The high-stakes drama in Nigeria’s oil industry has taken a dangerous turn, as the Group Chief Executive Officer of the Nigerian National Petroleum Company Limited (NNPCL), Bayo Ojulari, declared that he and members of his management team are facing threats to their lives.
Speaking during a meeting with the Petroleum and Natural Gas Senior Staff Association of Nigeria (PENGASSAN), Ojulari revealed that entrenched interests resisting his reform agenda have escalated their opposition from media blackmail to outright threats.
“These attacks are not about me personally,” insiders quoted him as saying, “they are about resisting President Bola Tinubu’s directive to clean up the rot in the sector.”
The Reform Battle: Refineries and Resistance
Ojulari’s mandate, handed down in April 2025, is nothing short of transformative: revive Nigeria’s three moribund refineries, attract investors, and prepare the NNPCL for a landmark IPO. But instead of applause, his decision to halt refinery test runs at Port Harcourt, Warri, and Kaduna has triggered accusations of sabotage and corruption.
Critics allege that shutting down the facilities created opportunities for fresh contracts worth billions, while others accuse him of plotting privatization schemes to benefit cronies. The backlash has been fierce, culminating in protests, ethnic demands for leadership change, and now threats to his safety.
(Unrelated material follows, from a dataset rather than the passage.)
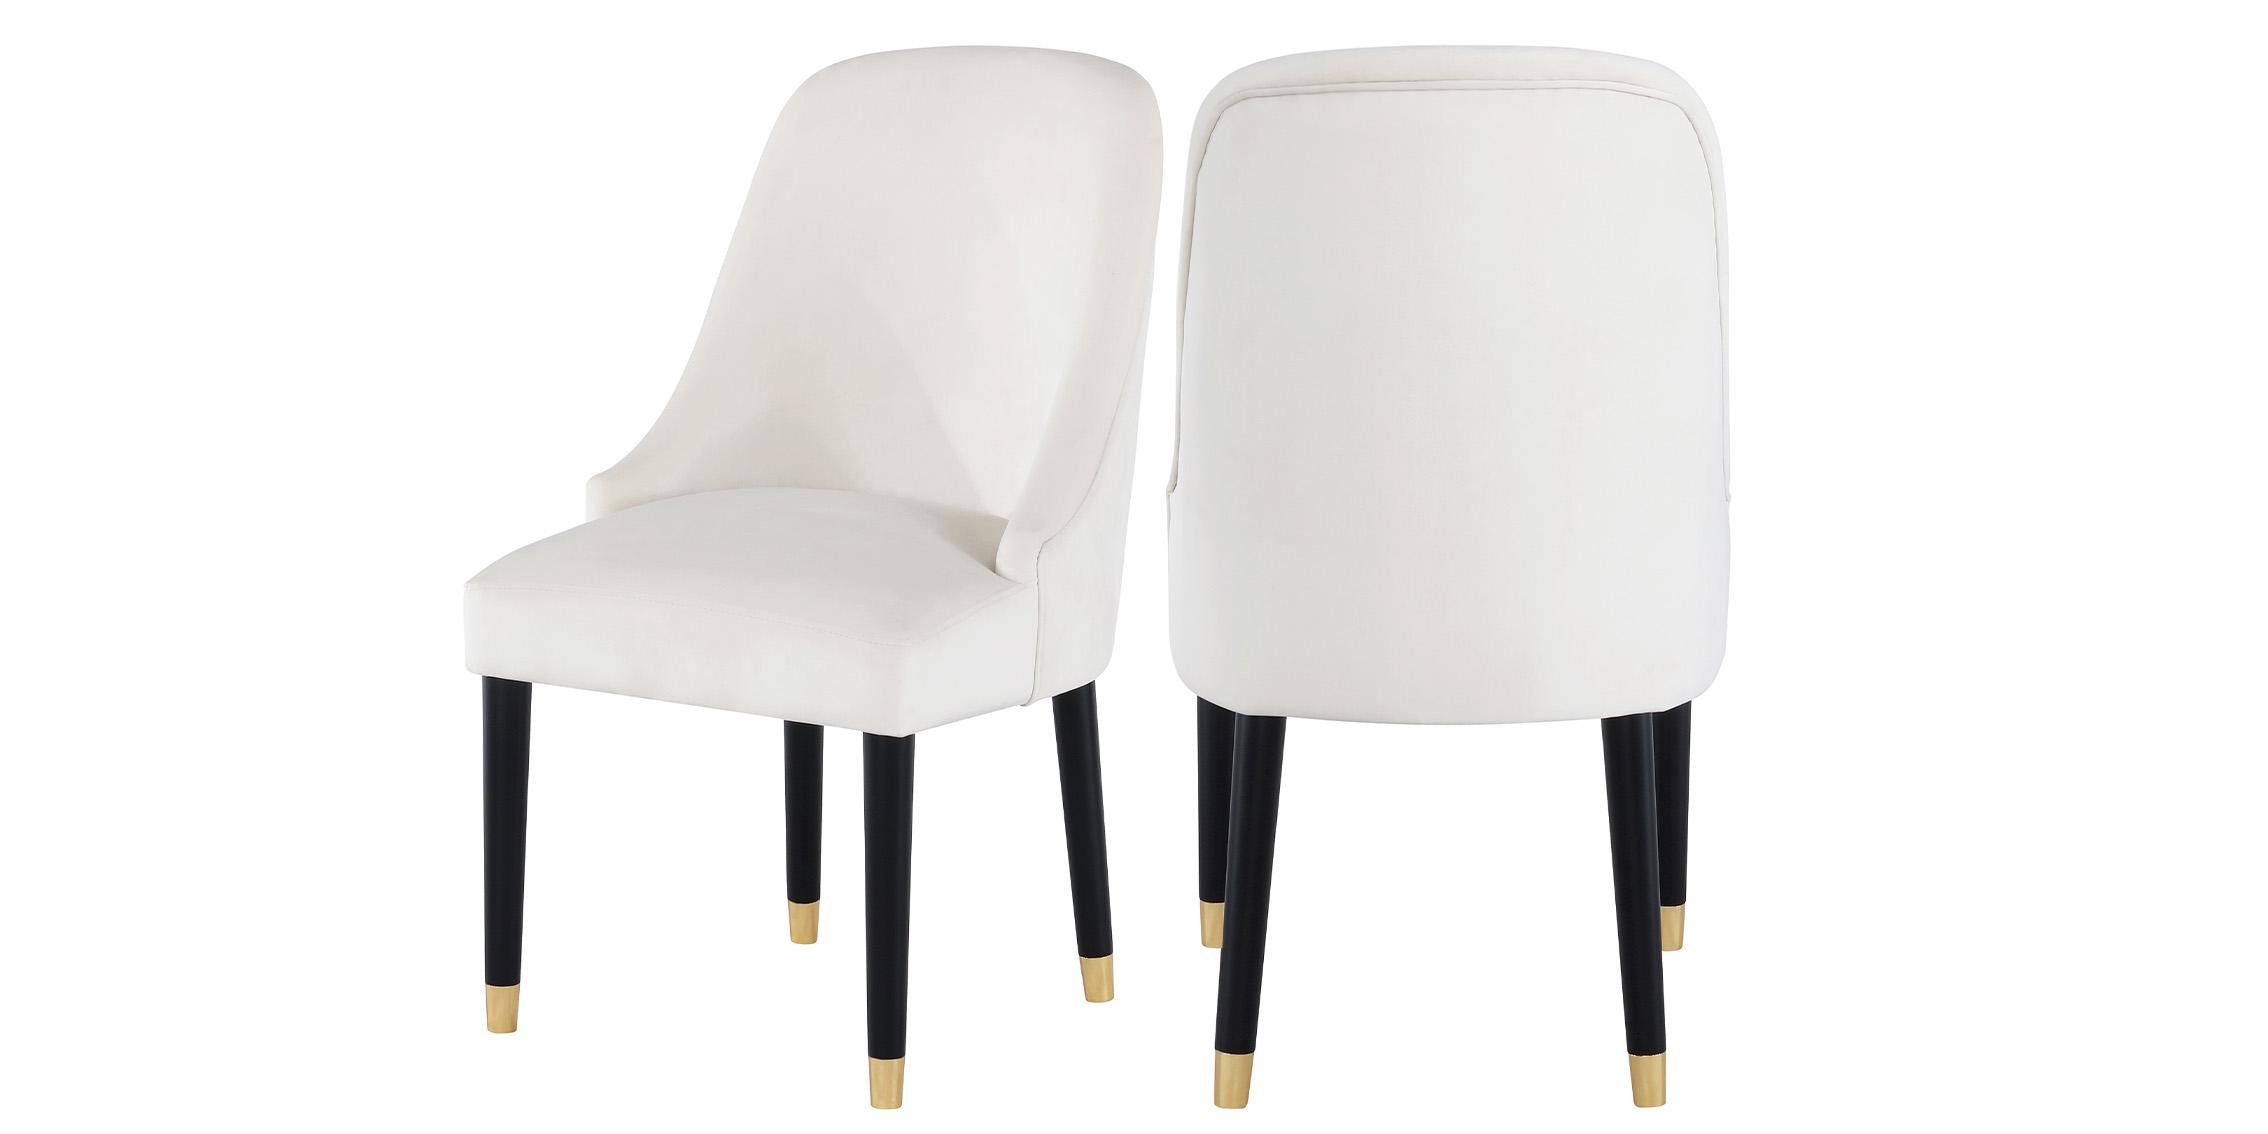 Contemporary, Modern Dining Chair Set OMNI 923Cream-C 923Cream-C in Cream Velvet

Civil Society Rallies Behind Ojulari
While some unions and youth groups have demanded his removal, civil society organizations are standing firmly in his corner. The Coalition for Good Governance and Change Initiatives (CGGCI) and HURIWA dismissed the allegations as “blackmail and corruption fighting back.”
HOSTCOM, the umbrella body for oil-producing communities, went further, claiming that the coordinated attacks are orchestrated by displaced power brokers unwilling to surrender illicit earnings.
Supporters also point to Ojulari’s early wins, including a record N6.961 trillion remittance to the Federation Account and drastic reductions in oil theft, which he credited to tighter military and intelligence collaboration.
Management Blames ‘Sabotage Campaign’
In a strongly worded statement, NNPCL management described the opposition as a deliberate sabotage campaign, accusing vested interests of planting fabricated stories in the media to distract leadership and derail reforms. “No amount of defamation will stop this transformation,” the company insisted.
Protests Rock NNPC Towers
Tensions came to a head when Niger Delta youth leaders stormed NNPC Towers in Abuja, calling for Ojulari’s removal and demanding that a native of the region be appointed as the company’s boss. The protest highlighted not only the ethnic fault lines but also the political intensity surrounding the oil sector reforms.
The Bigger Picture
When President Tinubu appointed Ojulari and installed Ahmadu Musa Kida as NNPCL board chairman, the vision was clear: raise oil output to 2–3 million barrels per day, rebuild investor trust, and end decades of waste. The early signs—especially near-eradication of pipeline theft—suggest the reforms are biting.
But as Ojulari’s revelation shows, reform in Nigeria’s oil industry comes at a cost—sometimes personal.
The battle now raging inside the NNPCL is more than a corporate dispute. It is a fight for control of Nigeria’s economic lifeline, one that pits transparency against corruption, reform against resistance, and the safety of reformers against the fury of vested interests.